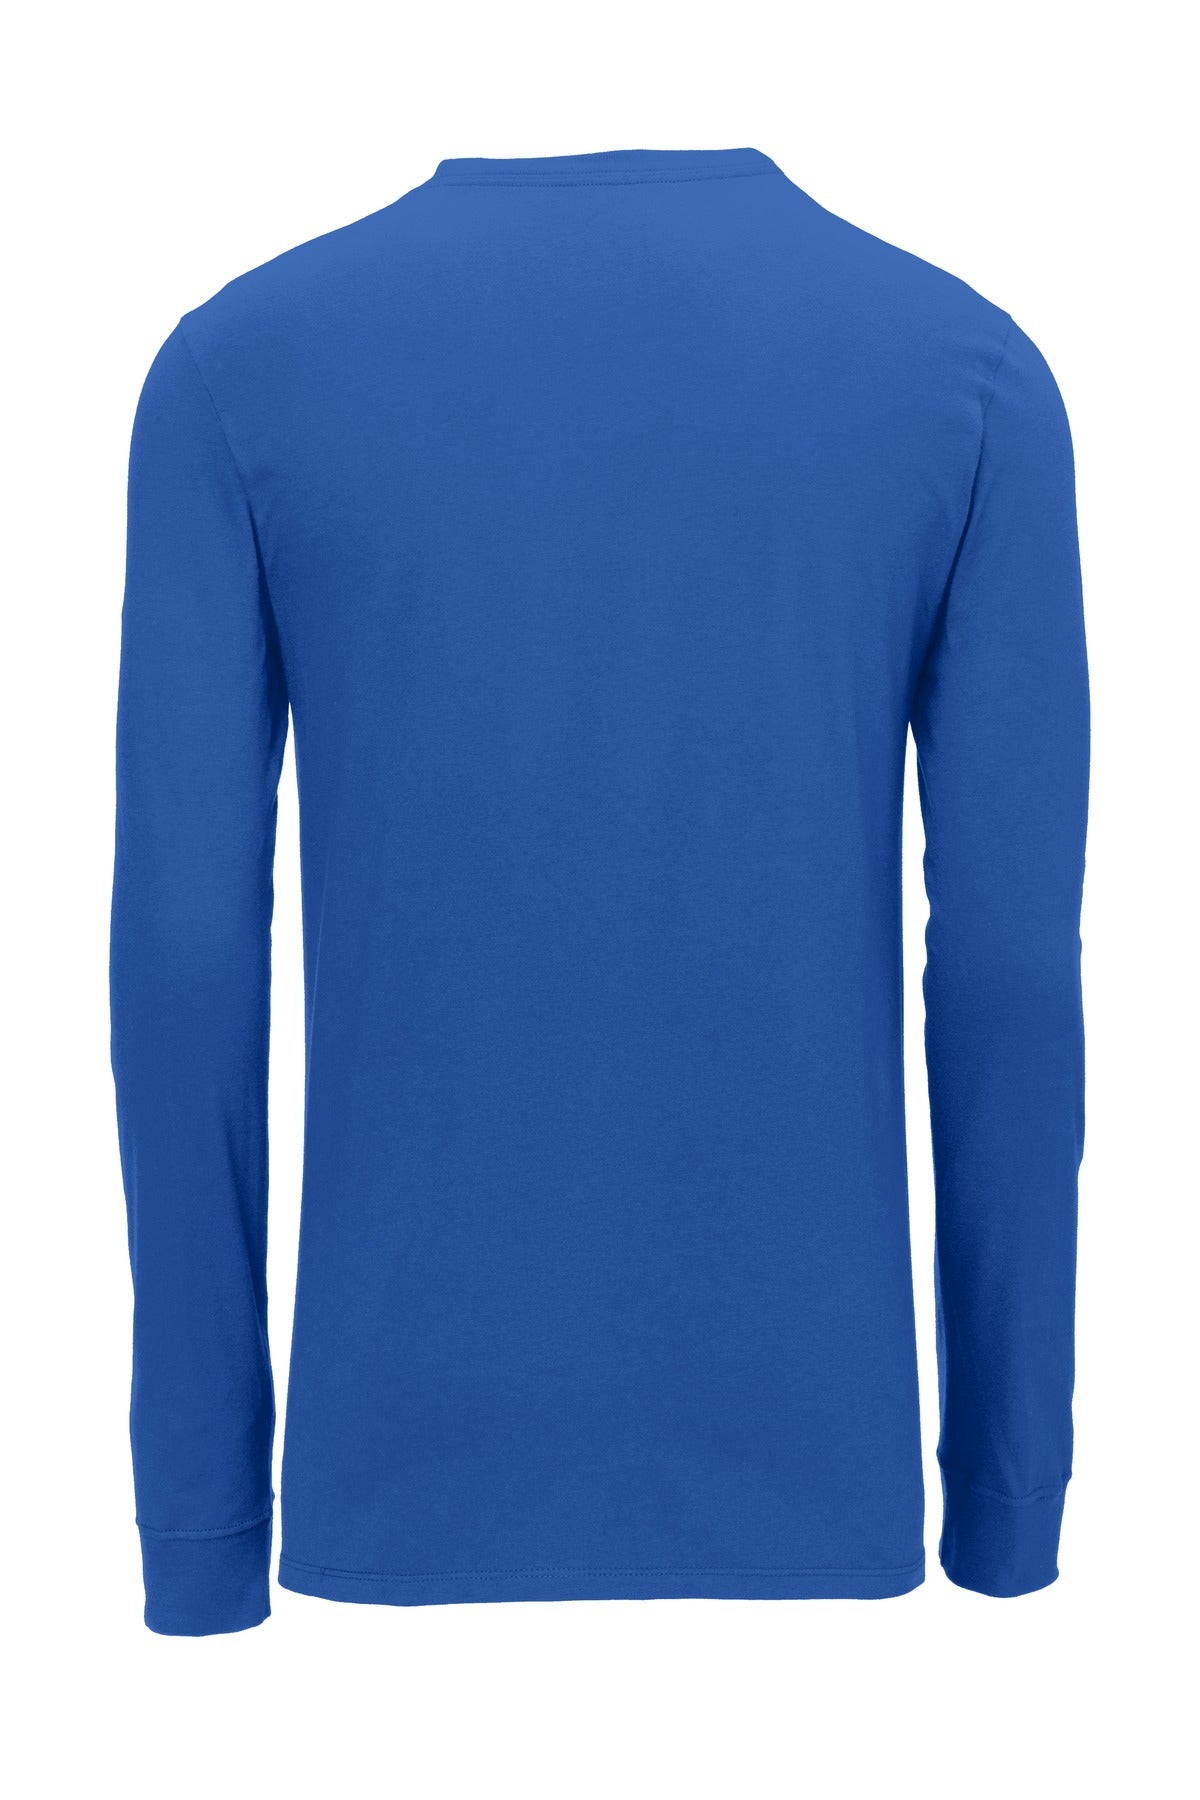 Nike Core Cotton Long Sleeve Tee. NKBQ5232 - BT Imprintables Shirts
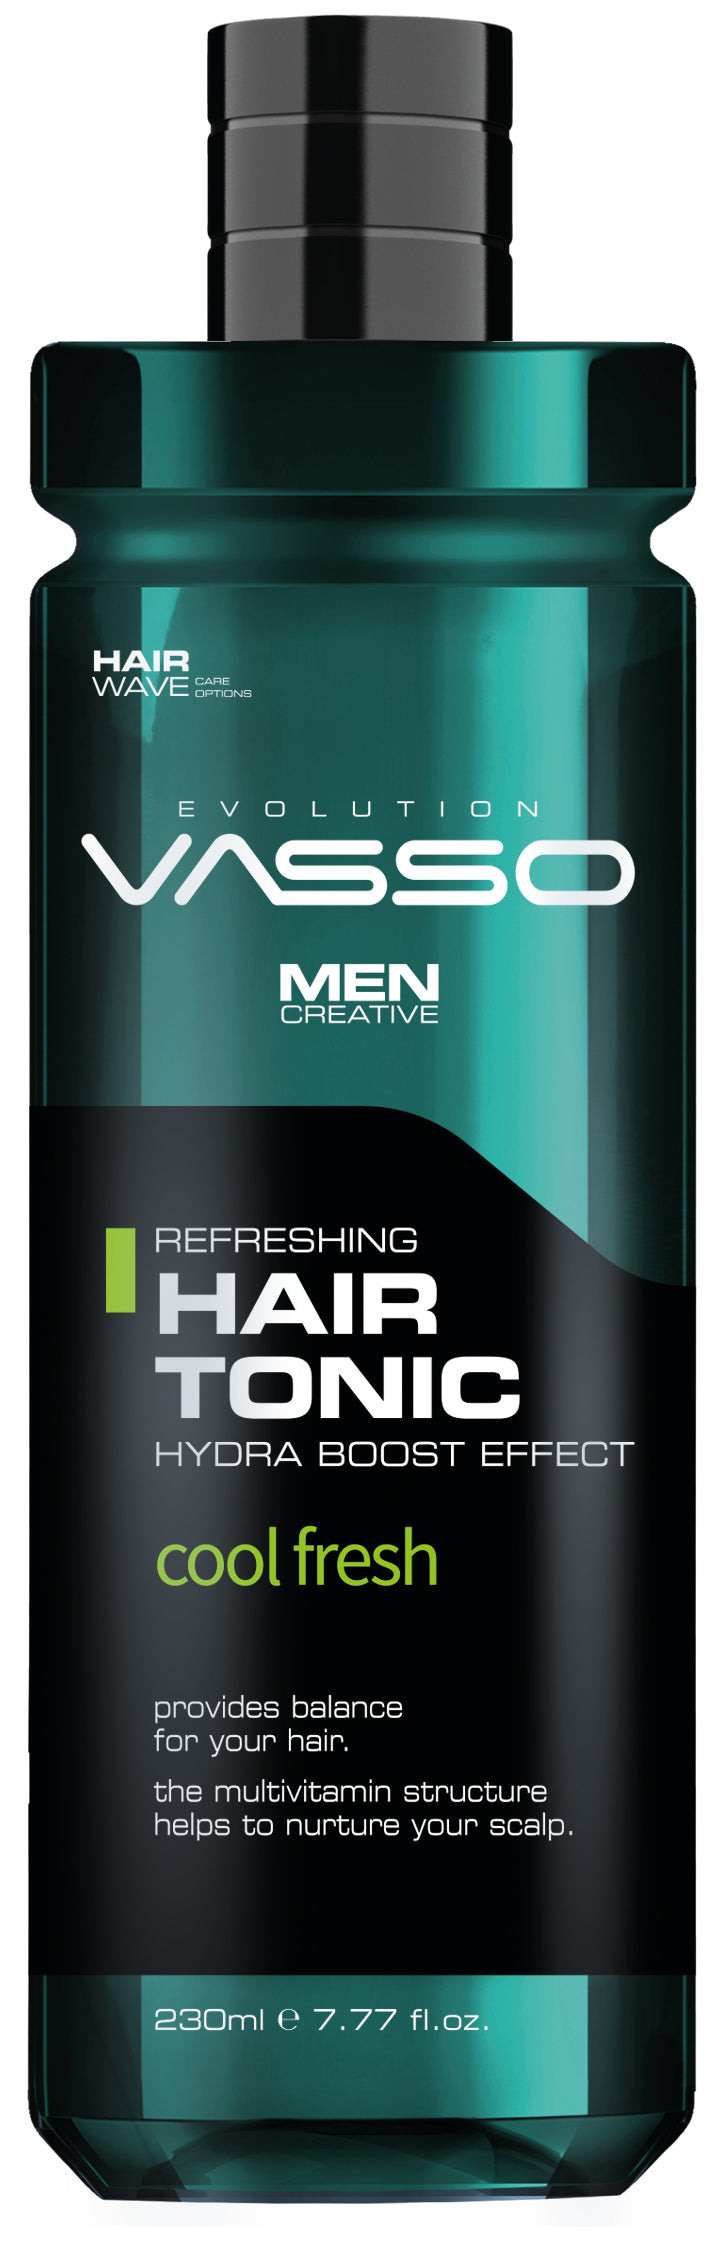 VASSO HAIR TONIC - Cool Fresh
...
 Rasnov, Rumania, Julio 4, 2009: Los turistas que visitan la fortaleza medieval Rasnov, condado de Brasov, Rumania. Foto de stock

[Exercise brief] The copy should hold only the lines from the one with "Nike Core Cotton" through the one with "VASSO HAIR TONIC - Cool Fresh", exactly as they stand above. Leave out the pictures.

[Response below]
 Nike Core Cotton Long Sleeve Tee. NKBQ5232 - BT Imprintables Shirts
 VASSO HAIR TONIC - Cool Fresh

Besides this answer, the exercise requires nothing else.